If the group's capital position were to deteriorate, a number of steps are available to the group to improve its capital position before the occurrence of a Trigger Event. These could include reducing the group's liabilities or raising extra share capital from investors by way of a rights issue. If the company were, in the future, to launch a rights issue, the company's existing shareholders would be offered the opportunity to acquire new ordinary shares in proportion to their existing shareholding.

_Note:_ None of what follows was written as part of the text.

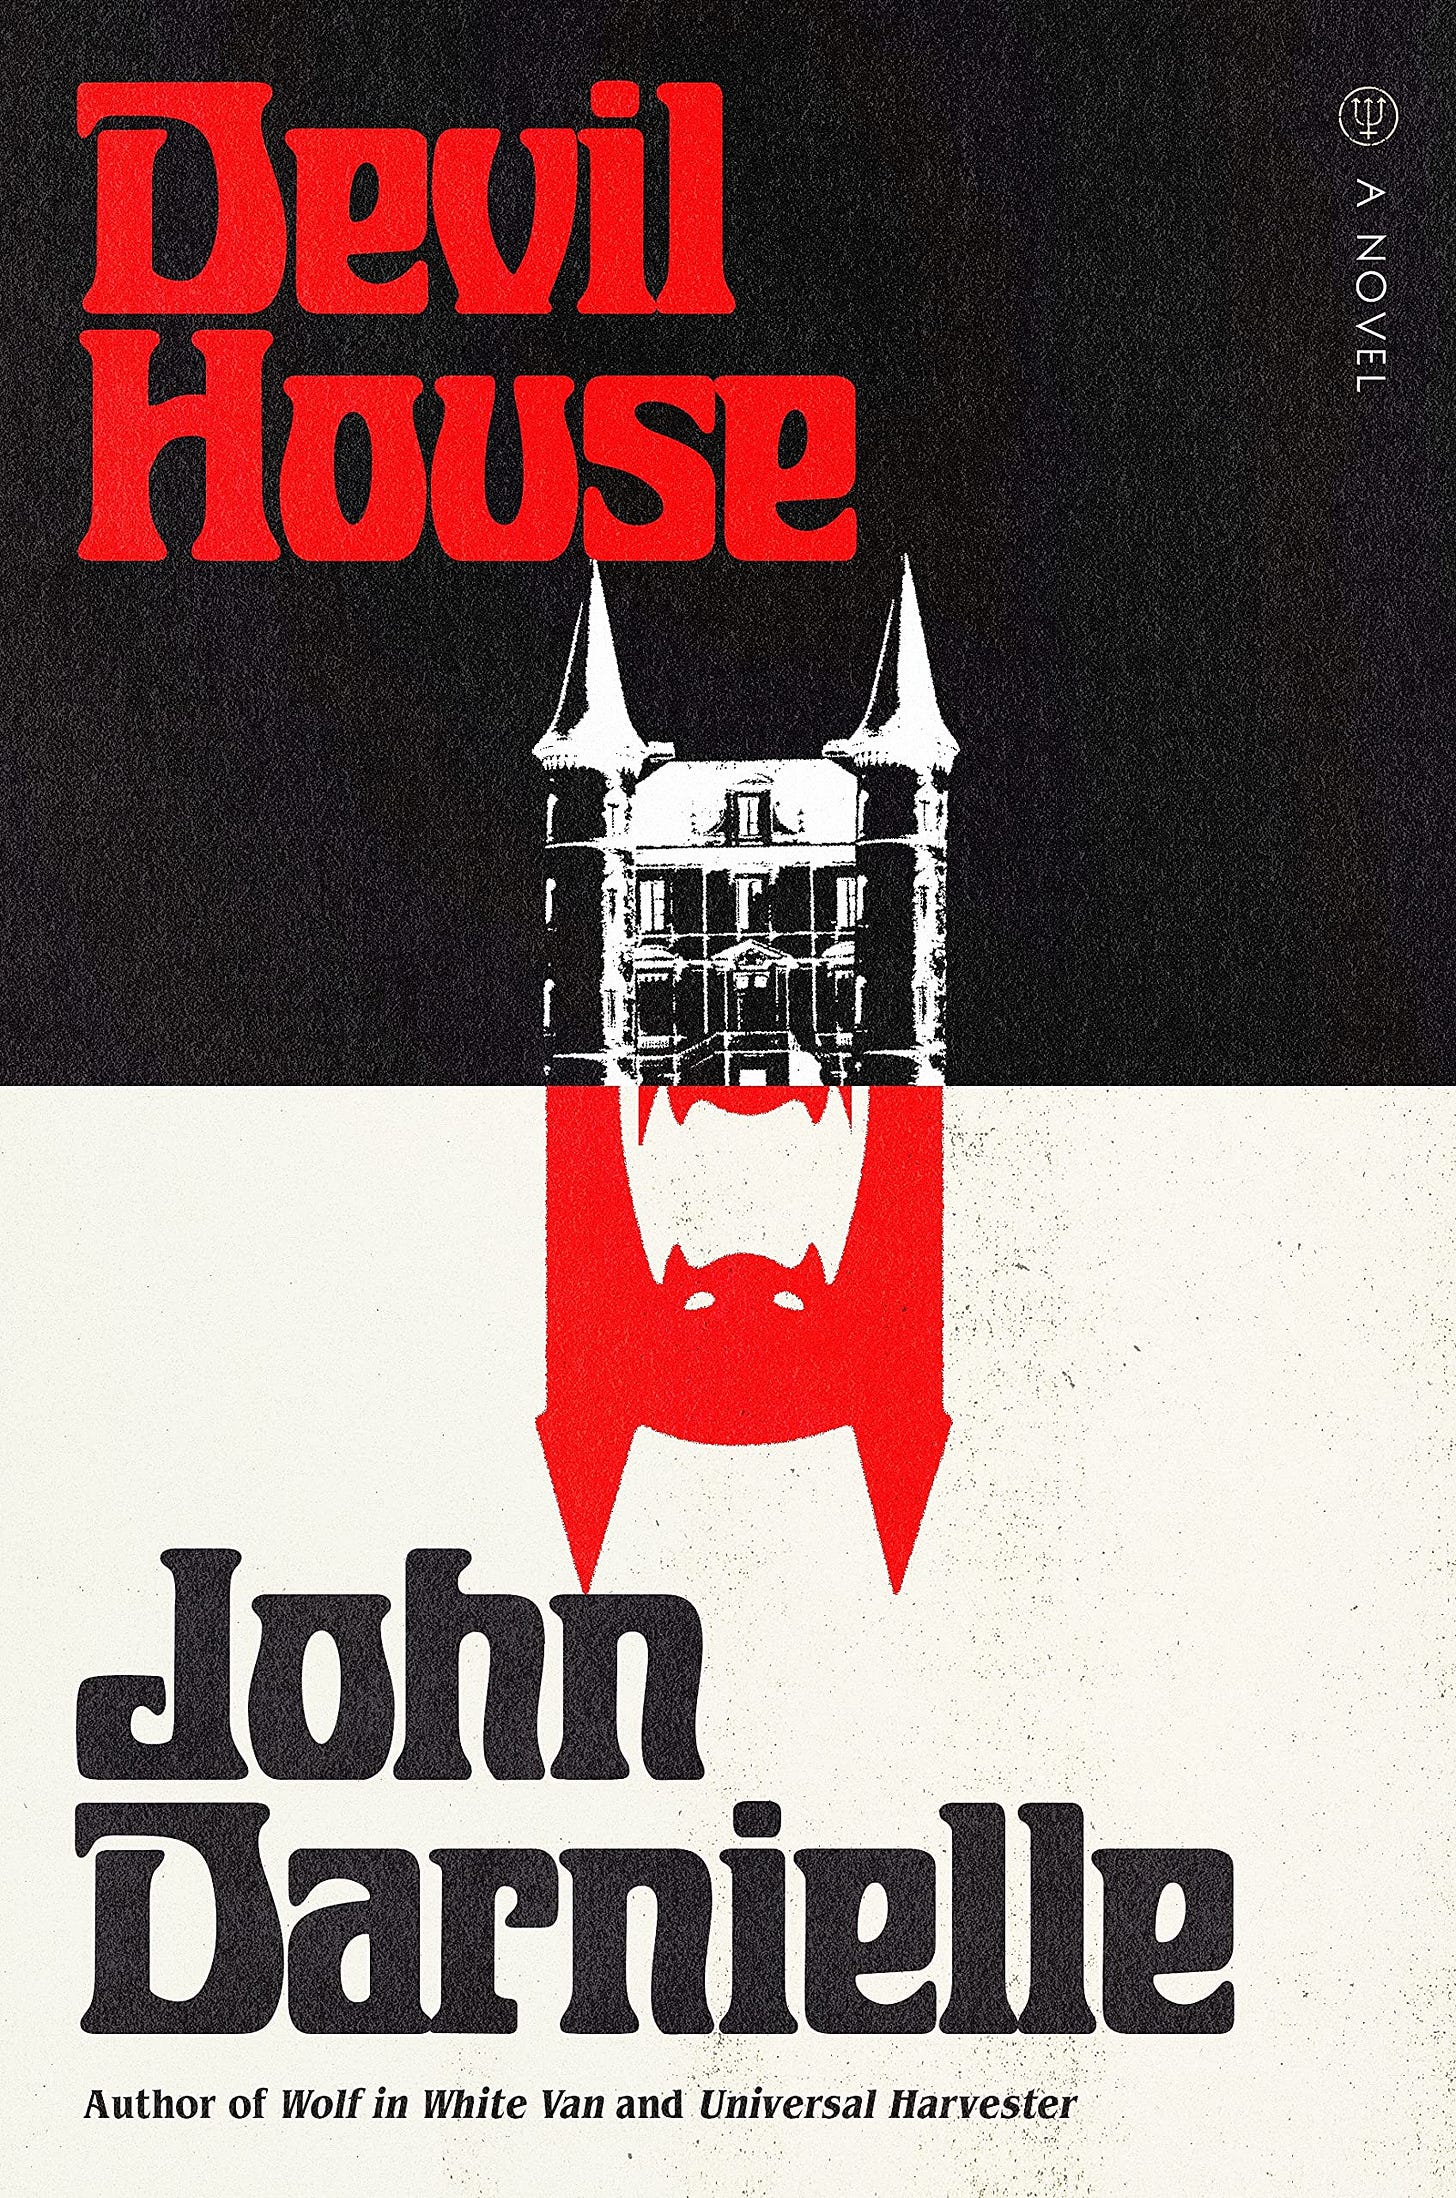 Cover of the book. "Devil House" in red on black, a picture of a house with two turrets beneath in. The bottom half of the book has a white background with a mirror image of the house made to look like a stylized devil's face with two horns. "John Darnielle Author of Wolf in White Van and Universal Harvester," in black on white at the bottom.

The group can satisfy its Tier 1 Capital requirements through, among other things, the issue of ordinary shares, retention of profits and the issue of Restricted Tier 1 Instruments. Satisfying the group's Tier 1 Capital requirements in part through the issue of Restricted Tier 1 Instruments could be a costeffective means of raising capital, therefore enabling the group to reduce its overall cost of capital. This would, in turn, be expected to be more beneficial for existing shareholders than if the group were to satisfy its Tier 1 Capital requirements through the issue of ordinary shares or the retention of profits alone.

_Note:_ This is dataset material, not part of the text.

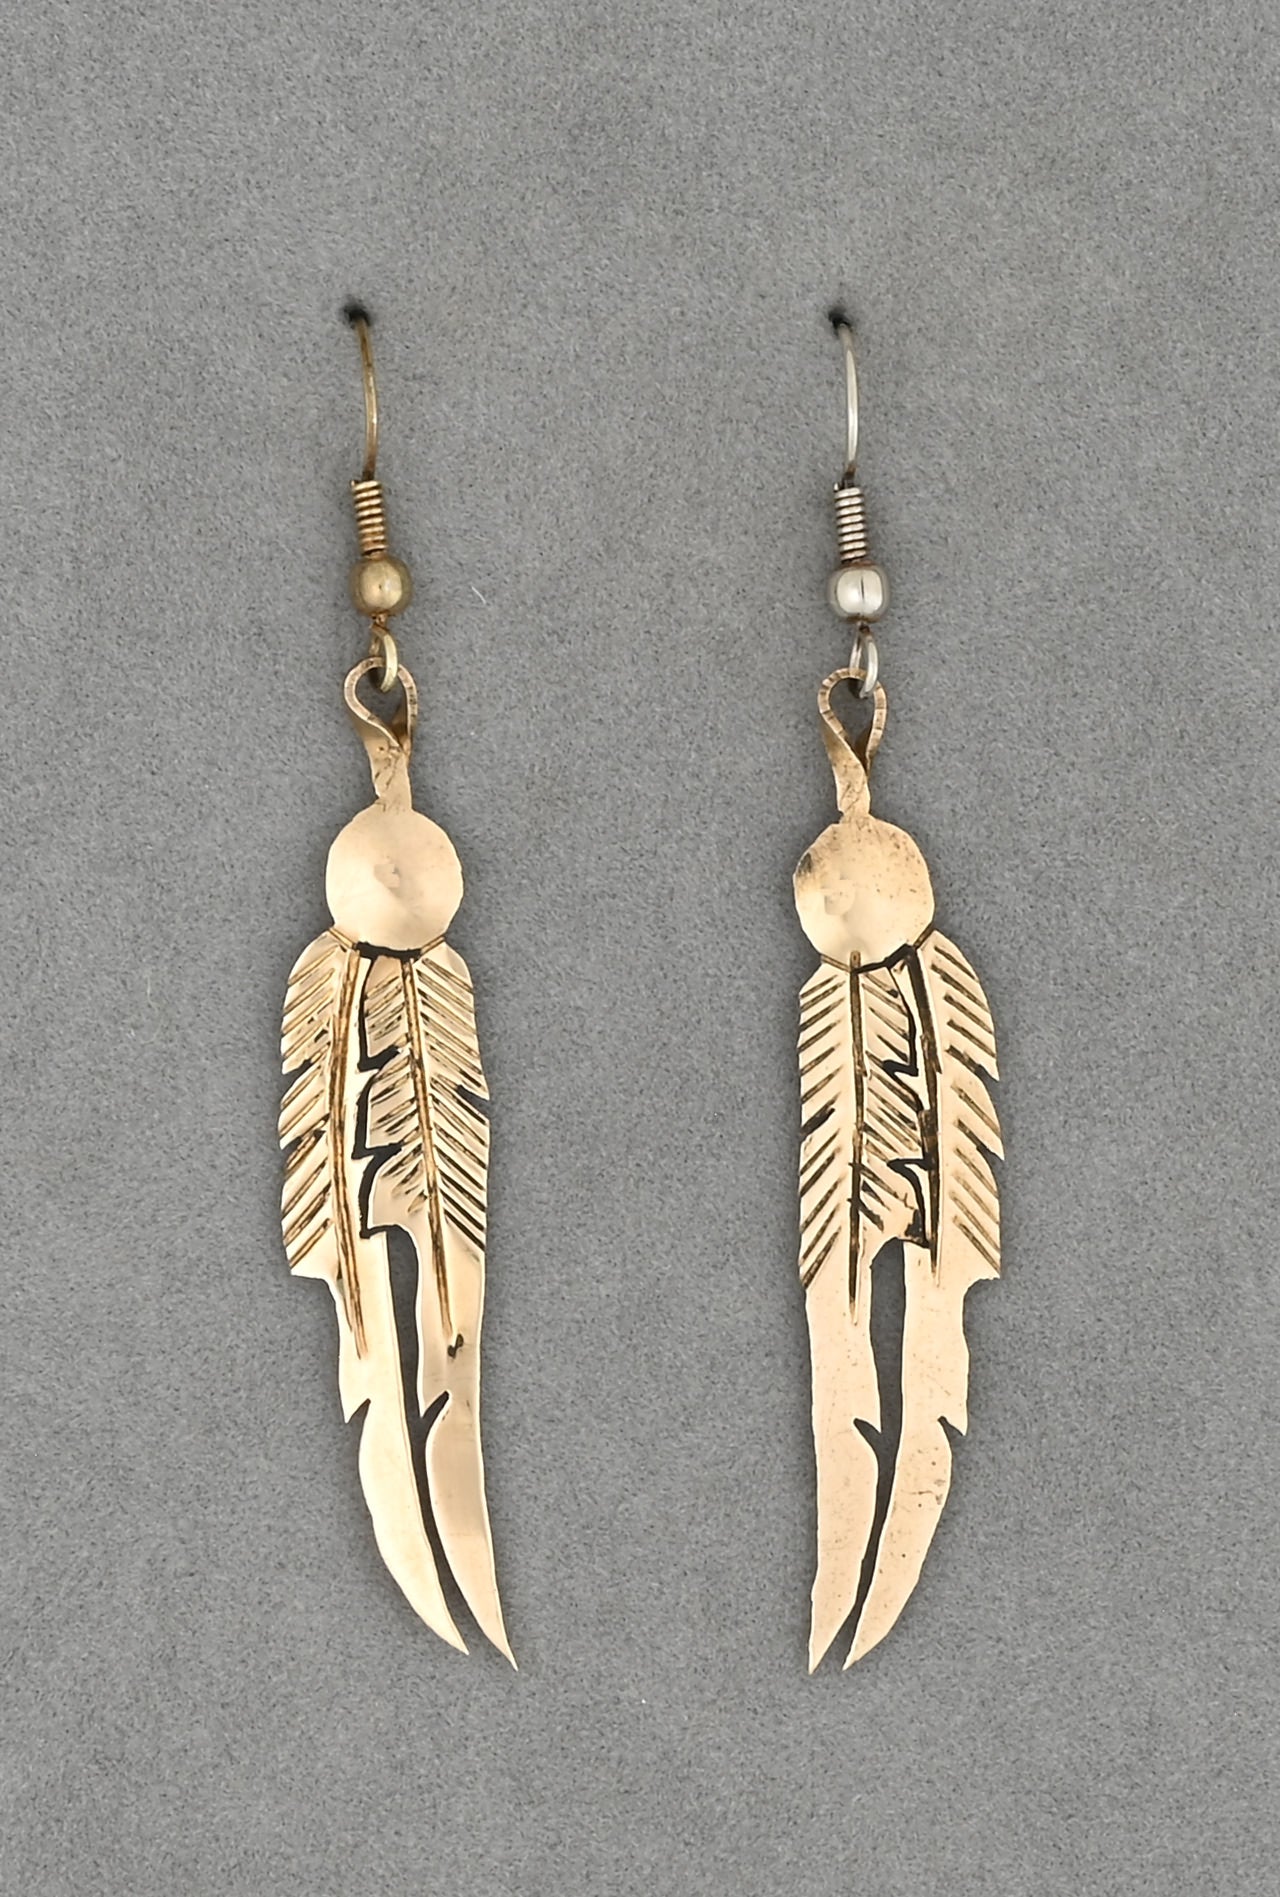 Brass Feather Earrings by David Haskell

The terms and conditions of any Restricted Tier 1 Instruments issued will specify a conversion price or a mechanism for setting a conversion price, which is the rate at which the Restricted Tier 1 Instruments will be exchanged into ordinary shares. The resolutions enable the directors to set the specific terms and conditions of the Restricted Tier 1 Instruments (including a conversion price or mechanism for setting a conversion price) after considering market conditions at the time of issuance. Given the nature of the Trigger Events and the implications on the group's business at the time any Trigger Event occurs, the group's expectation is that the conversion price at the time of conversion would exceed the market price of the ordinary shares at such time.
These authorities are set at a level which, based on the share price of the group as at 20 March 2024 (being the latest practicable date prior to the publication of this document) corresponds approximately to the group's regulatory headroom for Restricted Tier 1 Instruments as at the same date (limited to 20% of Tier 1 Capital).